Civil rights groups urge Google to share data on geofence warrants
12/8/20 REUTERS LEGAL 17:41:08
Copyright (c) 2020 Thomson Reuters
Sara Merken
REUTERS LEGAL
December 8, 2020
Google CEO Sundar Pichai testifies remotely via videoconference during a U.S. House Judiciary Subcommittee on Antitrust, Commercial and Administrative Law hearing on "Online Platforms and Market Power" in this screengrab made from video as the committee meets on Capitol Hill, in Washington, U.S., July 29, 2020. U.S. House Judiciary Committee via REUTERS
(Reuters) - A coalition of 60 civil rights groups is calling on Google to disclose monthly data on the number of so-called "geofence" and "keyword" warrants the company receives.
In a Tuesday letter to Google Chief Executive Sundar Pichai, the Surveillance Technology Oversight Project, the Electronic Frontier Foundation, the Project on Government Oversight and other groups asked the company to provide more specific information about the non-traditional warrant requests, which they say "demand far more data than in the past."

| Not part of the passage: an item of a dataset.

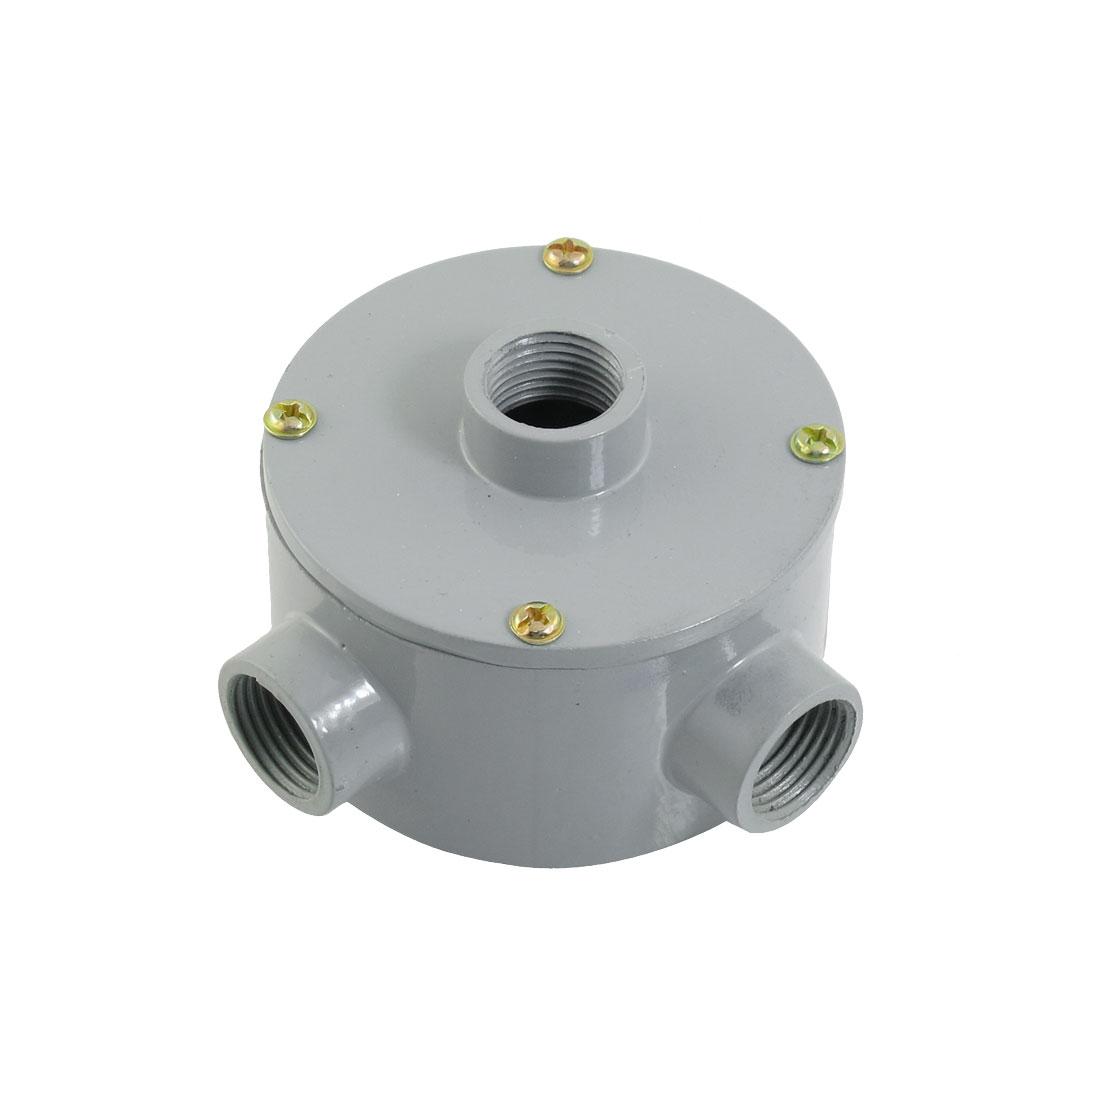 "G1/2"" Thread Three Holes Conduit Wiring Round Metal Junction Box"
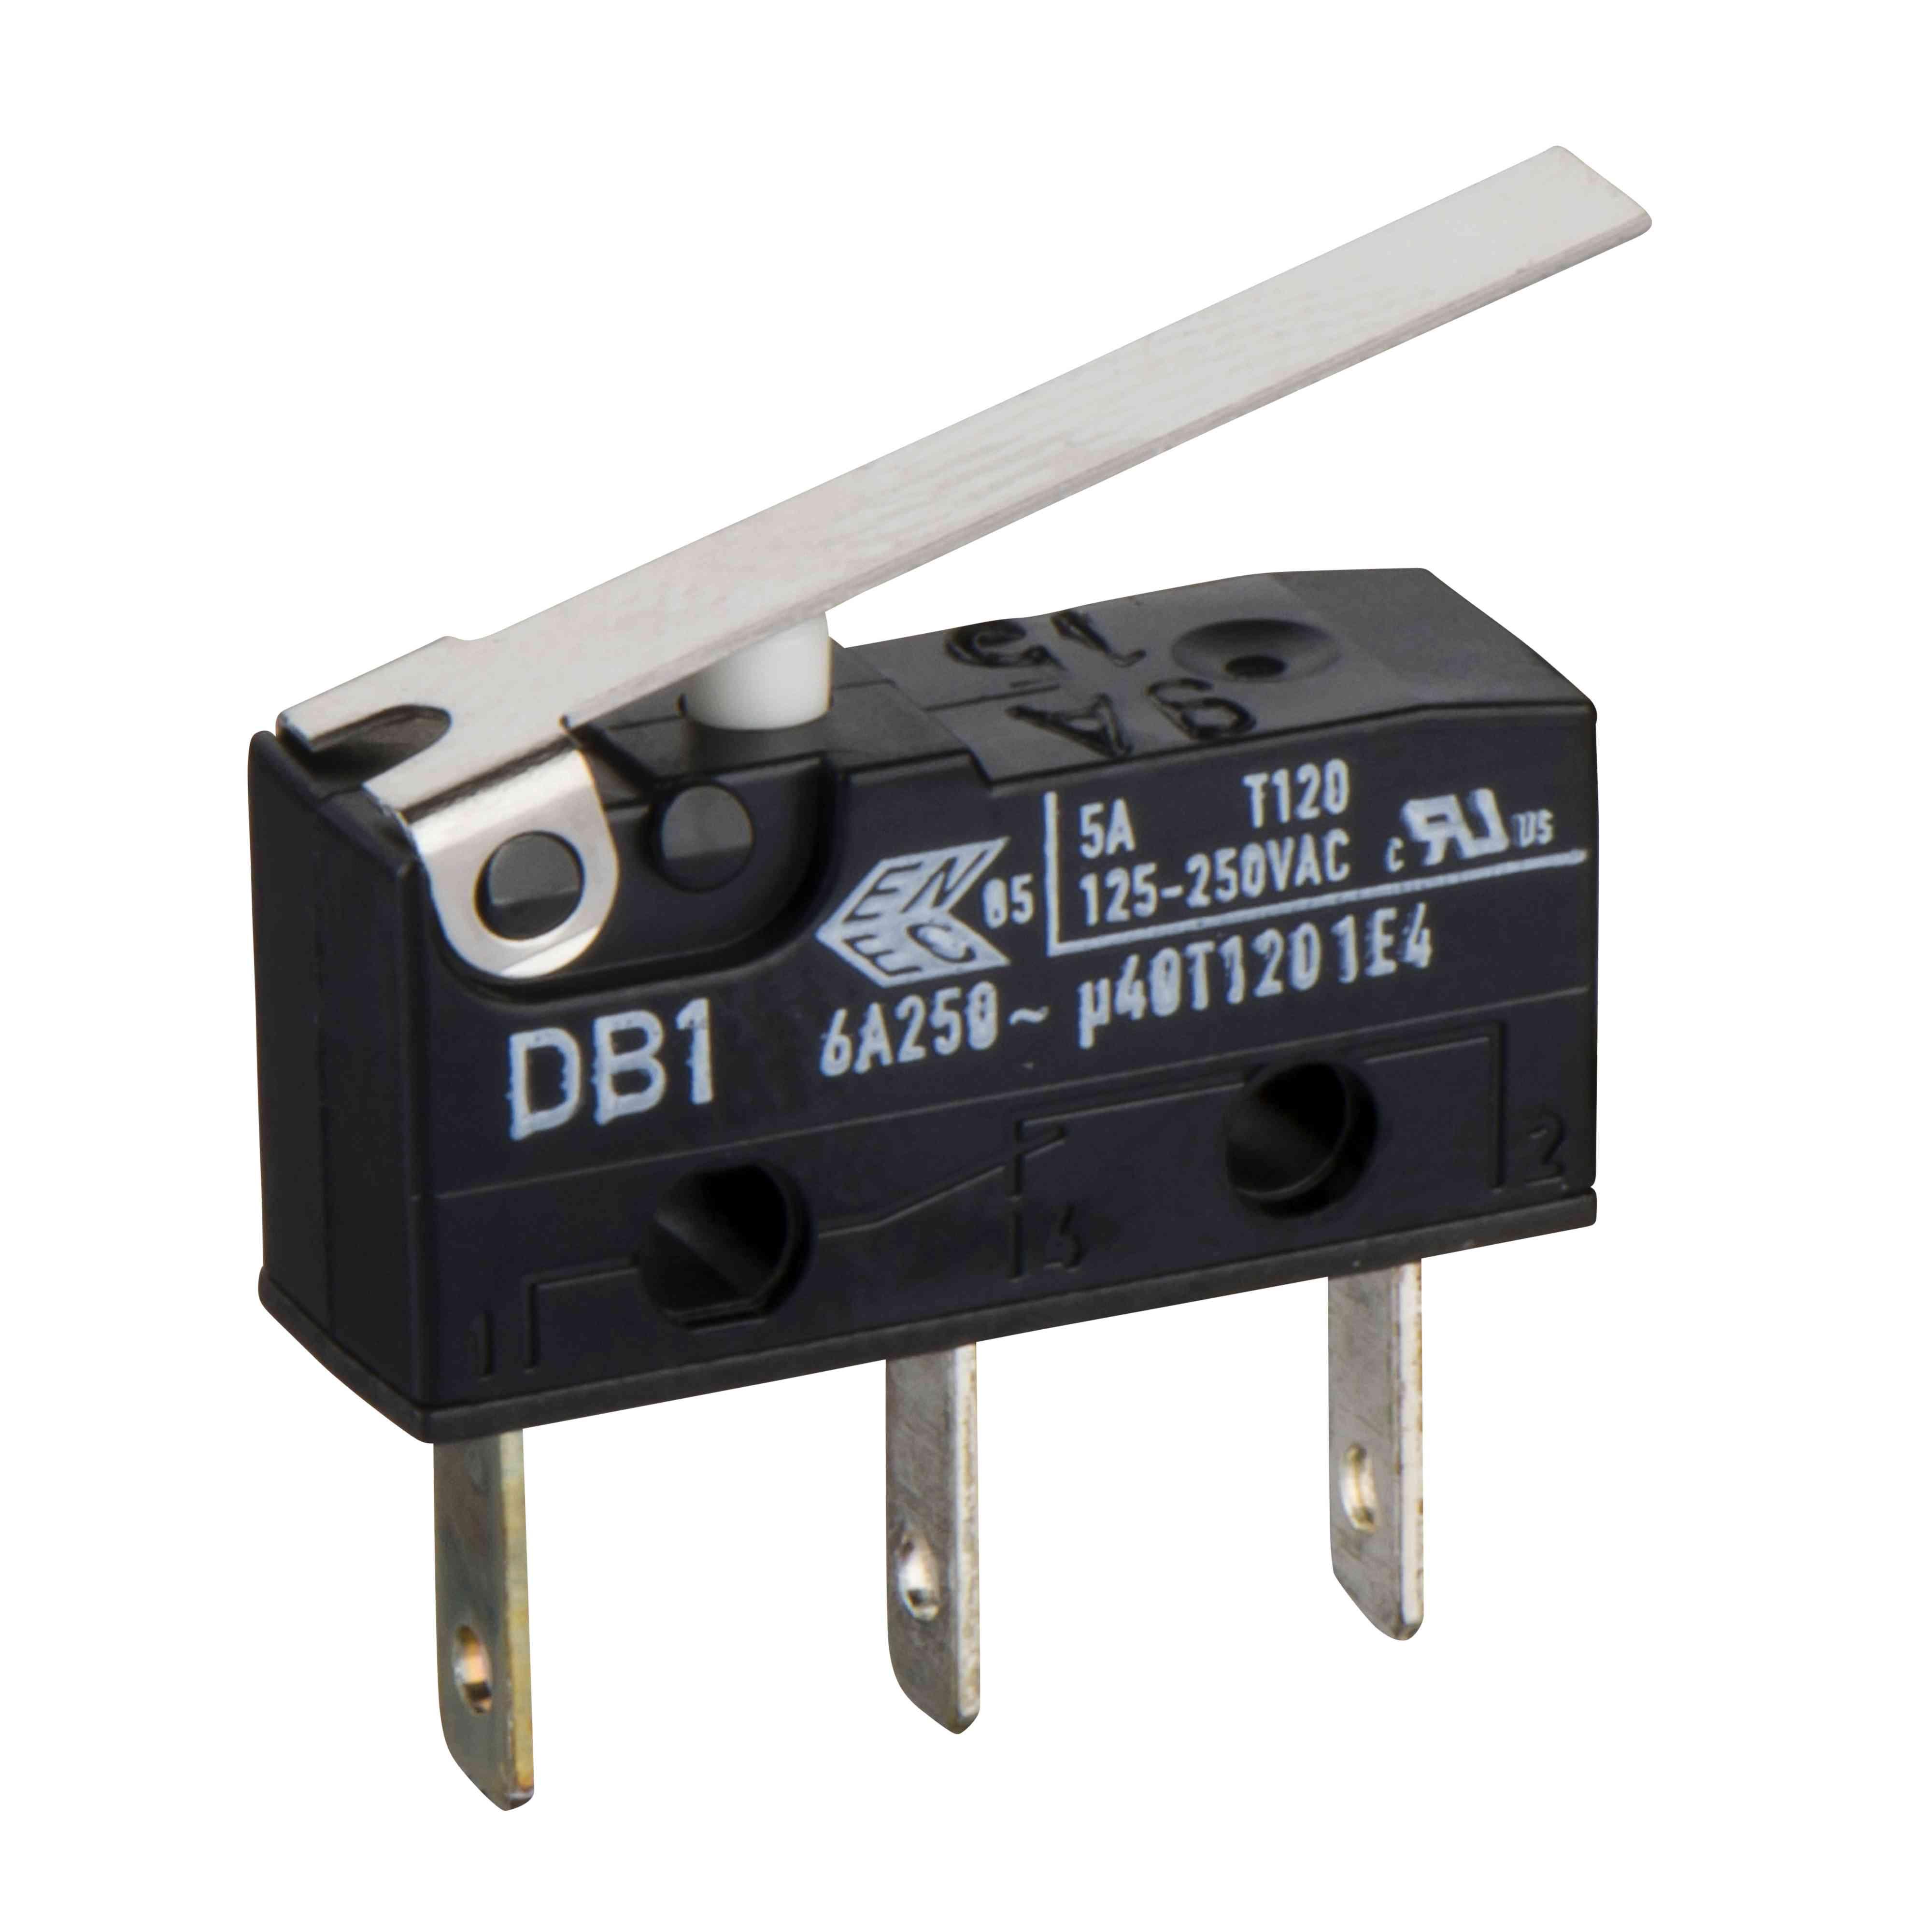 Pomožni kontakt za preklop 1 NO + 1NC standardni - za Fupact ISFT 100N

Google did not immediately respond to a request for comment on the Tuesday letter.
Geofence warrants are a fairly new investigative method compelling the disclosure of anonymized records from devices that were in a certain area during a specific period of time. The warrants, also known as reverse location warrants, have started to face legal challenges under the 4th Amendment to the U.S. Constitution.
"As a leading recipient of geofence and keyword warrants, Google is uniquely situated to provide public oversight of these abusive practices," the groups wrote in the letter.
Google, in an amicus brief filed in a case in Virginia federal court and cited by the groups, said that from 2017 to 2019, the company saw a 75-fold increase in geofence warrant requests.
Keyword warrants are another method to identify users who searched for a specific keyword, phrase or address, the groups said.
"These blanket warrants circumvent constitutional checks on police surveillance, creating a virtual dragnet of our religious practices, political affiliations, sexual orientation, and more," they wrote, referring to both keyword and geofence warrants.
The groups want Google to expand its regular transparency report to give monthly information on the non-traditional court orders the company gets, writing that tracking the growth of these tactics will provide the organizations "vital ammunition in the fight for privacy."
"Currently, Google lumps these invasive court orders in with standard warrants, but geofence and keyword warrants pose a much more potent threat," Albert Fox Cahn, executive director of the Surveillance Technology Oversight Project Executive, said in a statement.
"A single one of these orders can track every person at a protest, a house of worship, or a medical facility. With more transparency, we can amplify efforts to outlaw these sweeping search warrants."